-- Opening Marker --
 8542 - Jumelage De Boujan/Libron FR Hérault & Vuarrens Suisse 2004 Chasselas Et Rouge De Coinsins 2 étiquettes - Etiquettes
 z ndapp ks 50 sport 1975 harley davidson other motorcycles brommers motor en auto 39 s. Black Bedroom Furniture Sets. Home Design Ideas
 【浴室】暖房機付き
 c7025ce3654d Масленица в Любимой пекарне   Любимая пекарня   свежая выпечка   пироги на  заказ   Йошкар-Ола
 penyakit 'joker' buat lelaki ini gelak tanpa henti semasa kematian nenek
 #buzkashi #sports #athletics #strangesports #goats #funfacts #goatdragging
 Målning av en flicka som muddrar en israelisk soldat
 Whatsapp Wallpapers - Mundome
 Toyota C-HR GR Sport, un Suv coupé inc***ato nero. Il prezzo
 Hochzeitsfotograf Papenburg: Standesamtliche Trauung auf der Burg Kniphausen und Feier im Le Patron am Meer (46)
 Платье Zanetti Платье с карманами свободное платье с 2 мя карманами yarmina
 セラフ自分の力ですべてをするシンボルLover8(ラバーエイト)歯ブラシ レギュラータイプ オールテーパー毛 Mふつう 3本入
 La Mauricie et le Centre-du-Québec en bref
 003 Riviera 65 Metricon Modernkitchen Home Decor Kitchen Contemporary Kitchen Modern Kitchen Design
-- Closing Marker --
• [PROBLEM TO SOLVE]:
In the entries above, find every line with the word "Home" and list it.

• [RESPONSE AREA]:
 z ndapp ks 50 sport 1975 harley davidson other motorcycles brommers motor en auto 39 s. Black Bedroom Furniture Sets. Home Design Ideas
 003 Riviera 65 Metricon Modernkitchen Home Decor Kitchen Contemporary Kitchen Modern Kitchen Design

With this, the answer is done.